### HOW TO COMPLETE THIS TASK
Which lines below mention "skirt"? Pick each one out.

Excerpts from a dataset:
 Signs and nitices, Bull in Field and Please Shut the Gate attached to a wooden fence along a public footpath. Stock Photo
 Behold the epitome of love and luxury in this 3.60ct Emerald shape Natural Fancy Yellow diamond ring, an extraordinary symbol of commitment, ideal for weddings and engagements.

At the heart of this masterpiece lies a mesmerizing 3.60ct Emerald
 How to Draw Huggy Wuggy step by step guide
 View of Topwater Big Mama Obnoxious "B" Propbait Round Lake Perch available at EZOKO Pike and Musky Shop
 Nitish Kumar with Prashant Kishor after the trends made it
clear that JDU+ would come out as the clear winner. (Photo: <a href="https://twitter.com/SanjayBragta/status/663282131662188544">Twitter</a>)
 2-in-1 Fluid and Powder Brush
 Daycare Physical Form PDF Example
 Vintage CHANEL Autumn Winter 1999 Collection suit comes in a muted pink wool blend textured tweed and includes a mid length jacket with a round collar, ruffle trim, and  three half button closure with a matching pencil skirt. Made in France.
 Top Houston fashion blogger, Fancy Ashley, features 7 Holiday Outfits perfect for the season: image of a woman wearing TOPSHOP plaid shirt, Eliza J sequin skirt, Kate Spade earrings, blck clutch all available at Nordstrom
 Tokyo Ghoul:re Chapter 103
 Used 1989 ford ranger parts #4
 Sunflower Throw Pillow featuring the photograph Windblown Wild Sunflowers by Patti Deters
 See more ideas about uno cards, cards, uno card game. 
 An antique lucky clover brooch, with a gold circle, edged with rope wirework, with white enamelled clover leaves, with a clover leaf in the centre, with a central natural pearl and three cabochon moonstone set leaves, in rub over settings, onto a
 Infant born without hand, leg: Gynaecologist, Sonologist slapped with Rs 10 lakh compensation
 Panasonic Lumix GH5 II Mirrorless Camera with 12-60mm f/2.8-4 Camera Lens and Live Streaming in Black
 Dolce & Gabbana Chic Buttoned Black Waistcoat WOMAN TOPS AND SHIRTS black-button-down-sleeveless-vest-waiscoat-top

### EXERCISE ANSWER
 Vintage CHANEL Autumn Winter 1999 Collection suit comes in a muted pink wool blend textured tweed and includes a mid length jacket with a round collar, ruffle trim, and  three half button closure with a matching pencil skirt. Made in France.
 Top Houston fashion blogger, Fancy Ashley, features 7 Holiday Outfits perfect for the season: image of a woman wearing TOPSHOP plaid shirt, Eliza J sequin skirt, Kate Spade earrings, blck clutch all available at Nordstrom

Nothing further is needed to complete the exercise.